Polarkreis 18

Magdalena Sturmbauer

by Magdalena Sturmbauer

Story

Marie würde gerne wissen, wieso es meistens noch so rauscht und brüllt, bis die Augen flimmern; wenn alles kippt und man den Bach freischaufelt, den man hinunterrasen wird. Rauschen tut es, aber beruhigend hell, diesmal keine überheblichen Flügel am Wachsen. Marie will ihrer besten Freundin Eleanor sagen, sie würden es doch beide wissen. Marie mochte Anja und Emil sehr gerne, doch die hat sie leider verloren. Manche zum zweiten Mal, dafür richtig. Marie musste ihrer Schwester Astrid versprechen, sie nicht in den Flitterwochen anzurufen und Bali wäre noch keinen Spott wert. Noch.

Ein bisschen hat sie auch geschrien, leise in sich hinein, weil manche Wahrheiten tief schneiden. Es wird ein neues altes Jahresende werden; Marie weiß es; dann sind alle Fäden gekappt, tote Chats reihen sich stumm aneinander. Altbekannt autonom durch die Straßen ziehen, sich wie Katzen an den letzten warmen Ecken der Mauern reiben. Jetzt aber. Wirklich allein-allein. War doch schön. Ihr werden unsichere, kalte Fühler wachsen, am Weihnachtstisch, in der U-Bahn, in der Küche ihrer Wohnung; weil es drinnen erschreckend leise geworden ist und zu viele Dinge zu wenig Sinn ergeben wollen. Alien. In unbeobachteten Momenten starrt sie hohl auf Bildschirme und in fremde Augen, die Hände unbedarft am Körper, der eine einzige große Entschuldigung und betretenen Dank ausstrahlt. War nur alte Liebe, nur Gewohntes. Nur verwandte Gemüter und Kinderseelen mit Erwachsenenfehlern. Hat Marie nicht gedacht, hat Emil nicht gedacht. Schon gar nicht Eleanor. Beide hab ihr’s gewusst. Alle haben’s gewusst.

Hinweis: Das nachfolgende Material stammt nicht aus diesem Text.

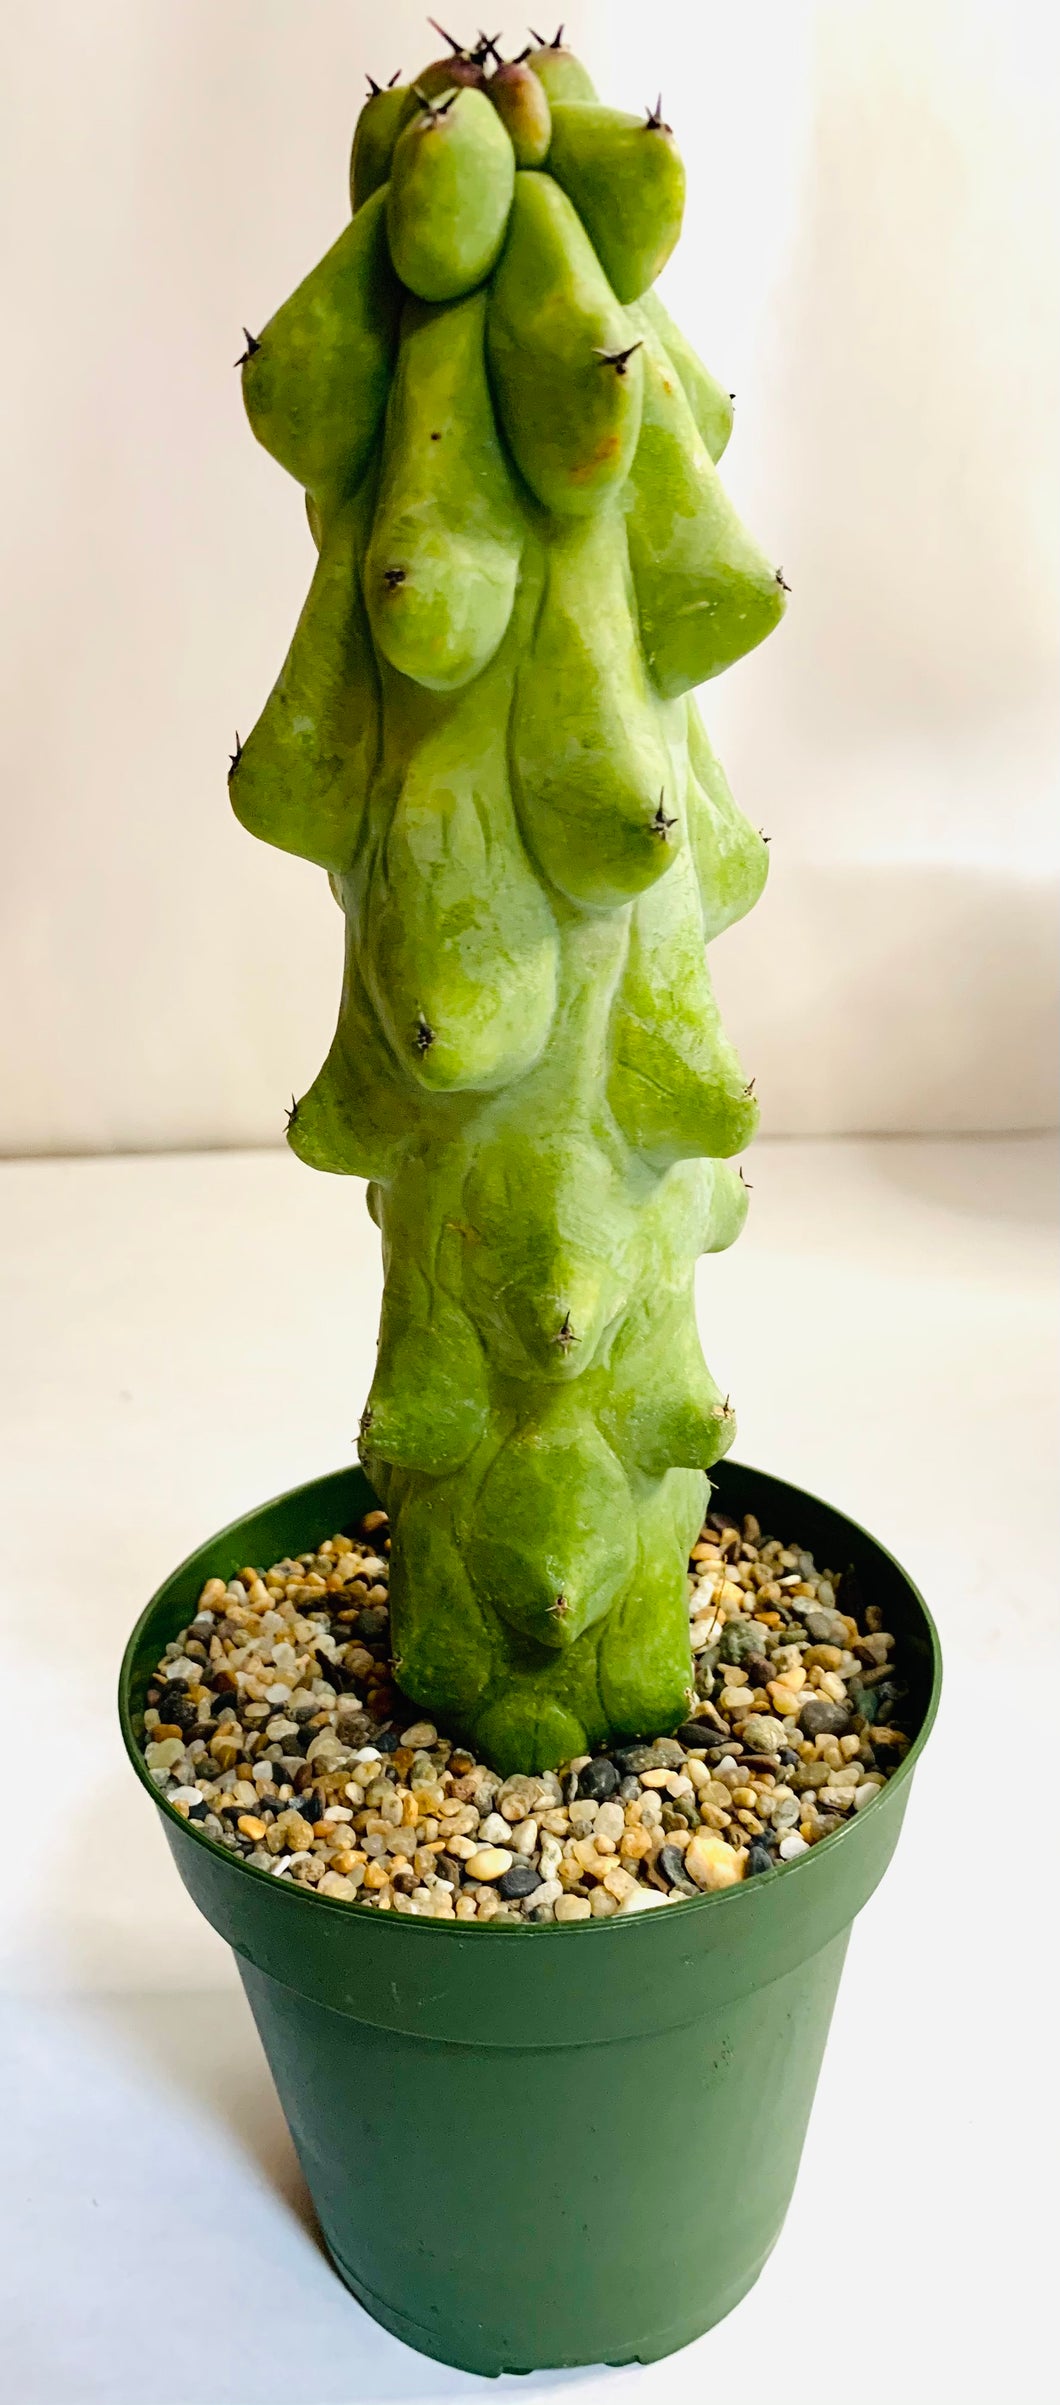 A tall vertical-growing blue-green cactus. The cactus is uniformly covered in bulbous growths, at the tip of which grows small cactus spines.

Ihre Mutter meint, sowas mache erwachsen, Kinderkriegen und Fehler machen. Marie möchte dann gerne antworten, ob sie sein Gesicht schon mal im richtigen Licht gesehen habe, da sähe er selbst noch aus wie ein Kind. Und ob sie ihr ein paar Irrtümer nennen könne. Marie zerpflückt nachts Gesagtes in seine Einzelteile, lange; bis pochende Ungewissheit über ihr schwebt und sie findet, dass Zukunft außergewöhnlich anders aussehen kann. Deine, meine.

Am Schwangersein wird ihre Schwester sein; Eleanor am Urlaubbuchen und Steuernzahlen; und alle finden ihren Frieden in neuen Winterreifen. Ihr Großvater wechselt die; auch für die Nachbarn.

Marie mag es nicht, eine ausgesprochen weite und tiefe Grube in ihre Vergangenheit gegraben zu haben; Dinge passierten – starrt sie zu lange über den Rand, kann sie mit Schwindel und Wut in den nächsten 72 Stunden rechnen. Marie musste für alle aufhören, die sie besitzen wollten. Marie konnte nicht wissen, dass man Menschen immer bei sich behalten kann, ohne sie bei sich zu haben. Marie mag Schweigen erst seit Kurzem und sie mag es, viel nicht zu mögen, dann weiß sie schneller, was sie mag.